Sarah Havlin is a solicitor from Belfast, with a background in employment law and employment relations. She is the first woman to be appointed to the role of Certification Officer of Northern Ireland, the regulator of trade unions and employer associations. She served as a Parades Commissioner for Northern Ireland, as Parliamentary Boundary Commissioner for Northern Ireland, and on the Independent Press Standards Authority. She was also appointed as the Local Government Boundary Commissioner for Northern Ireland, and in 2023 became the Chairman of The Industrial Court of Northern Ireland, the tribunal which adjudicates on applications about legal recognition and derecognition of trade unions for collective bargaining purposes. She is also the first Scottish Pubs Code Adjudicator

== Life ==
Sarah Havlin is a solicitor by profession, and studied law in Belfast. She lives in Bangor, County Down. Her legal background is in employment law and employment relations. She was appointed by the Northern Ireland Secretary of State as a Parades Commissioner for Northern Ireland in 2013. In 2015 she was appointed as Parliamentary Boundary Commissioner for Northern Ireland in accordance with Schedule 1 of the Parliamentary Constituencies Act 1986. In 2017, she was appointed as an independent standards investigator by the U.K press regulation authority, the Independent Press Standards Authority.
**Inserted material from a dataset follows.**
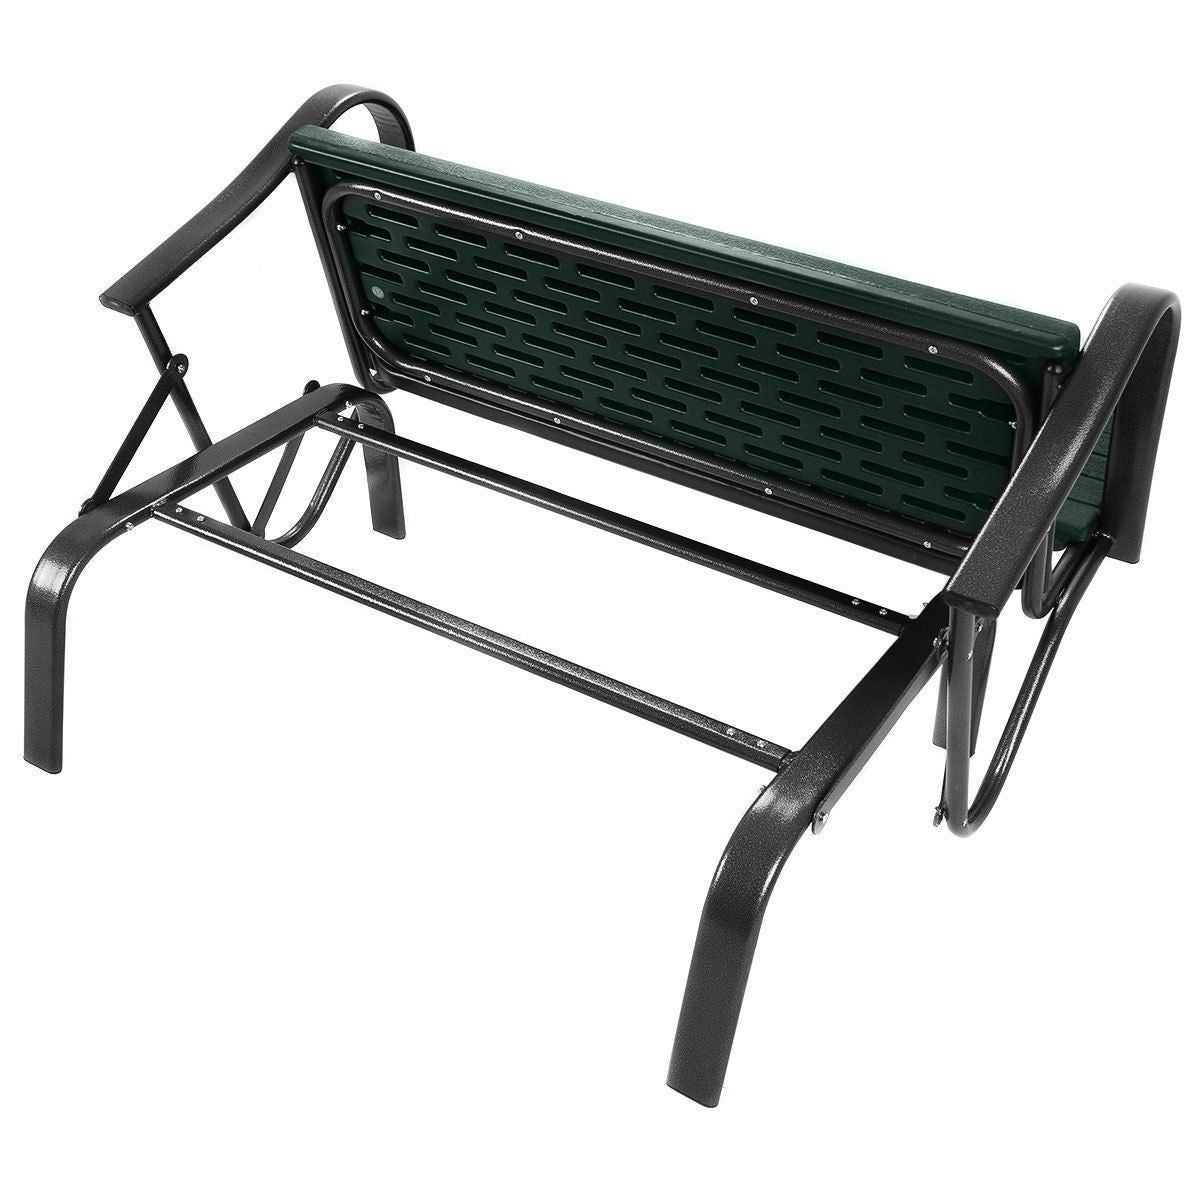 2019 Outdoor Patio Swing Porch Rocker Glider Benches Loveseat Garden Seat Steel Intended For Costway Outdoor Patio Swing Porch Rocker Glider Bench Loveseat Garden Seat  Steel (View 8 of 25)

In 2015, she became the first woman to be appointed to the role of Certification Officer of Northern Ireland, the regulator of trade unions and employer associations.

In June 2020 Sarah Havlin was appointed as the Local Government Boundary Commissioner for Northern Ireland by the Minister for Communities of Northern Ireland.

In 2023 Sarah Havlin became the Chairman of The Industrial Court of Northern Ireland, the tribunal which adjudicates on applications about legal recognition and derecognition of trade unions for collective bargaining purposes.

Havlin has lectured in law at the Open University and was a visiting tutor at the Institute of Professional Legal Studies (IPLS) at Queen’s University Belfast. She is a Fellow of the Irish Institute of Boston College, Massachusetts.